「腐った南瓜」
絹を裂いたような悲鳴がアラムートの城塞中に響き渡った。それを聞いた、ある者は剣を振るう手を止め、ある者は呪文の詠唱を止め、またある者の祈りは妨げられ、またある者は魔獣を世話する手を止め、なかにはうたた寝から飛び起きた者、ちょうど昼食の支度が始められていたのでその手を止めた者もおり、ウォーレン=ムーンなどは司令官室で見つけた興味深い文献を、自室で丹念に追いかける手を止めたのであった。しかし皆は悲鳴を発したのが誰かということをもすぐに思い出し、大多数の者が自らには関わり合いのないことだと気づき、あるいは関わり合いになりたくないのだと思い、関わり合いないのだと思い込もうとし、まるで何事もなかったかのような顔を取り繕い合って、中断させられた動きを、作業を、続けたり、やり直したりした。
なぜなら声の主は、絶世の美貌を持つ魔女デネブであり、彼女が悲鳴を上げるようなことというのは、大方の場合、ほとんどの者には無関係なことだったり、関係ないと思いたいようなことばかりだったからだ。実際のところ、彼女は解放軍に席を置いていたものの、どこの部隊に属しているというわけでもなかったし、強面でならす解放軍のリーダーさえ、魔女に命令などしなかった。デネブが解放軍にいるのは、一時の気まぐれによるものとたいていの者が信じていた。
彼女の連れているパンプキンヘッドたちも女性陣にはいい遊び相手だったが、彼らがいつ、ただの南瓜に戻ってしまっても、誰も驚きはしなかっただろう。
だが、肝心要の解放軍のリーダーがアラムートの城塞に不在のいまというもの、替わって留守を預かるアッシュ=クラウゼンには、デネブが何をしでかしたのか確認し、グランディーナが戻ってきたら報告する義務があった。
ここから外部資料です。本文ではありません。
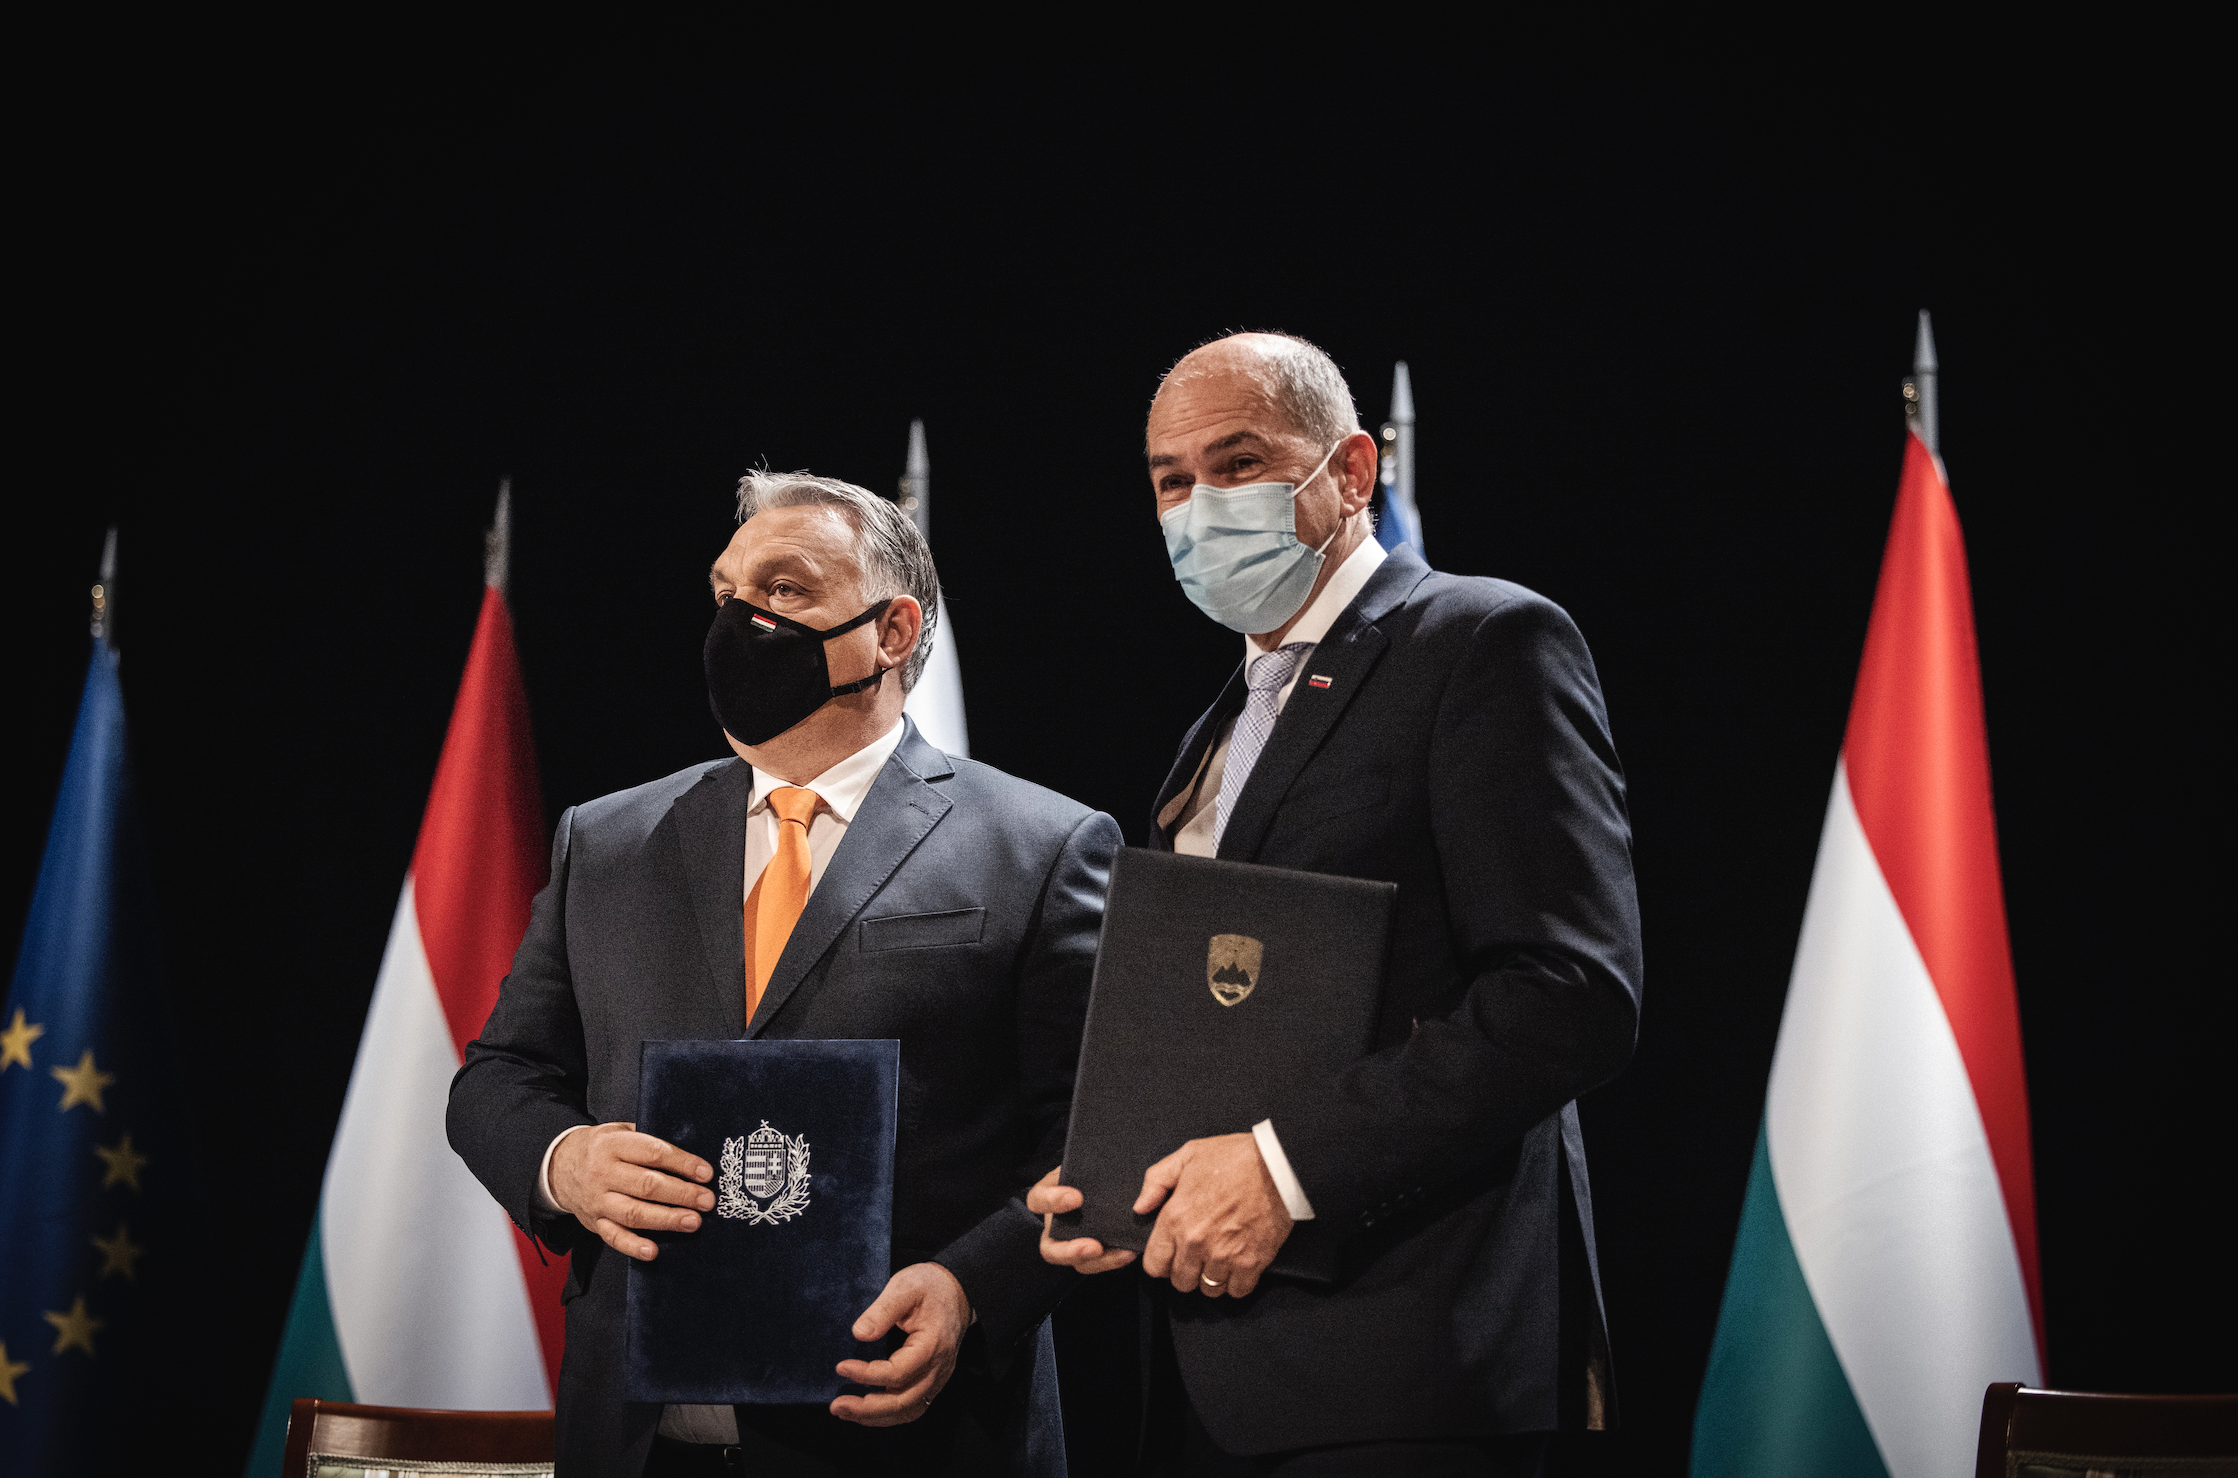 Hungary, Slovenia sign agreement on crossborder developments
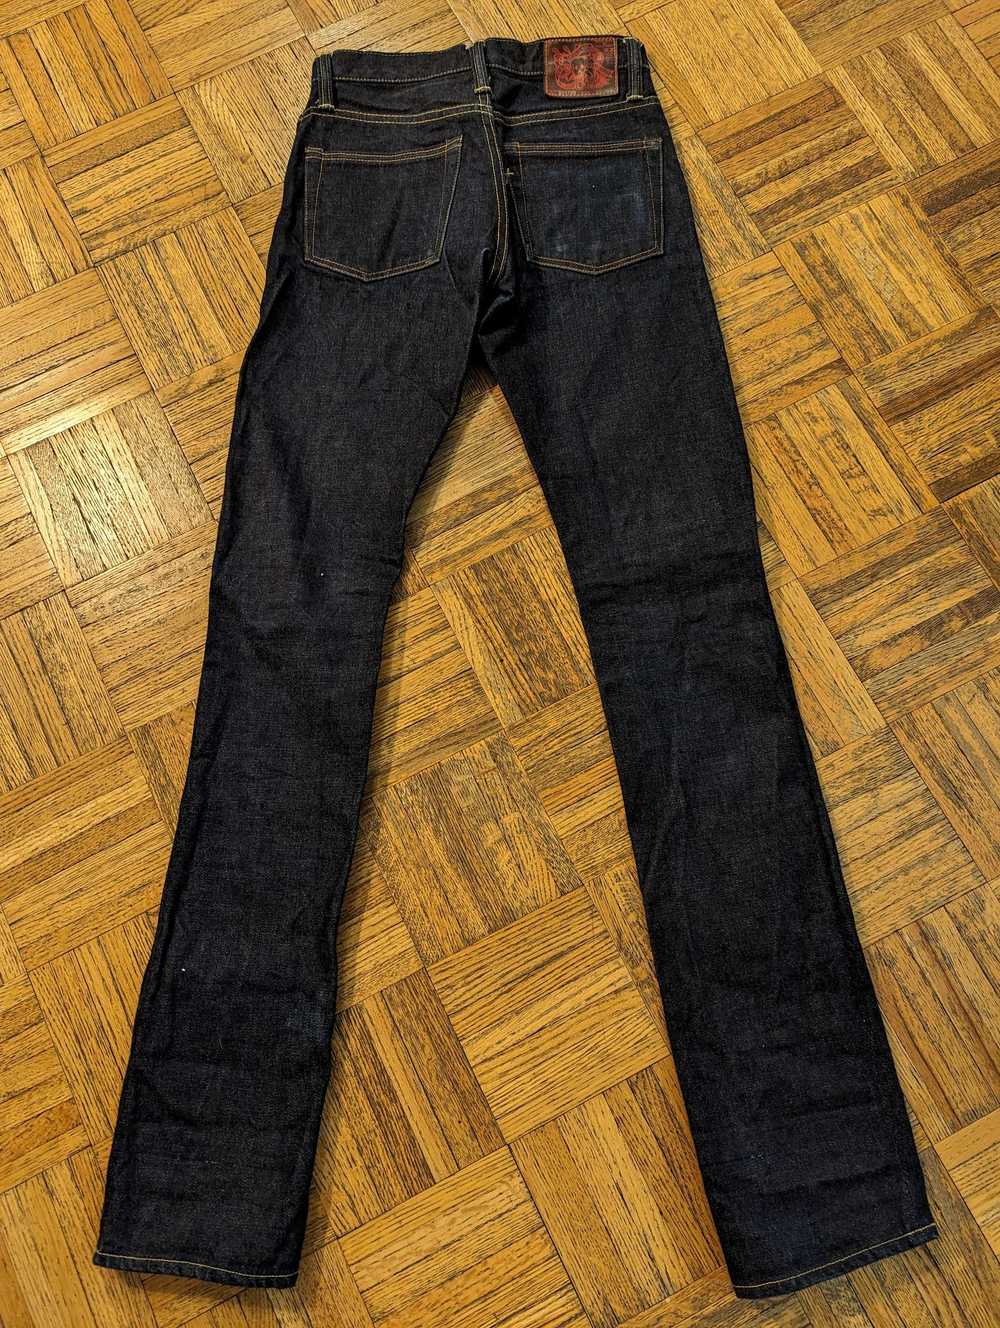 Skull Jeans Selvedge jeans, made in Japan - image 12

そして、騎士の常として魔法に疎い彼が、同様に留守を守るウォーレンに助けを求めたとしても何の不思議もないわけだった。
しかし、アッシュがウォーレンの部屋を訪れた時、皆と同じ広さのそこはすでに千客万来の状態となっており、元騎士団長の姿を見た人びとは、これで安心と言いたそうな顔さえした。そこにいたのは同様に留守を預かるリーダーたちであった。
「用事はすでにわかっているようだな」
「はい。ですが、こんなに大勢でデネブを訪ねるわけにもいかないでしょう。皆さんには後で報告しますので、アッシュ殿とわたしだけで参りましょう」
「うむ」
ウォーレンに同行を求められては、アッシュとしても断るわけにはいかない。しかし、浮かない顔をした元騎士団長は、この期に及んで治りきっていない傷がひどく痛む様子であった。
だが、気が進まないのはウォーレンも同様である。しかし自分一人で泥を被るような真似はせず、2人は揃って渋い顔で、4階に上がった。デネブはアラムートの城塞の中でも、いちばん広い司令官室を、グランディーナの不在をいいことに占拠して、実験室としてしまっているのだった。
ウォーレンの部屋を訪れた者たちは自然と解散になったが、先ほどの作業なり訓練なり仕事なりに戻っても、誰もがいつまでも気もそぞろな様子であった。
「何があったのですか、デネブ? 悲鳴が中庭まで聞こえましたよ」
「あぁん、おじぃちゃまぁ!」
そう言うなり、魔女はウォーレンに泣きついた。彼女特有の芳香が2人を優しく出迎える。この匂いを嗅がされるとデネブのしでかした、どんなことでも許したくなるという噂だが、幸いアッシュもウォーレンもまだそこまで寛大な気持ちにはならなかった。
彼女が実験の最中だったのは間違いないが、ピンクのとんがり帽子を粋にかぶり、ピンク色のワンピースにピンク色の長靴という出で立ちは普段どおりだった。
その向こうで4人のパンプキンヘッドが慌てふためいた様子を見せて走り回っている。一見、いつもと同じデネブの部屋である。それは同時にグランディーナの部屋でもあるはずなのだが、いまの司令官室に、解放軍のリーダーの所在を偲ばせるような物は何一つとしてなく、ピンク色と鮮やかな南瓜色に染まった部屋は、どこからどう見てもデネブの私室兼実験室以外の何物でもなかった。
「泣いていてはわかりません。グランディーナが戻ったら何があったのか報告しなければなりません。何をしたのか教えてください」
ウォーレンは心の中でため息をついた。この自分がよりによってデネブを相手に、こんな台詞を吐く日が来ようとは夢にも思わなかったからだ。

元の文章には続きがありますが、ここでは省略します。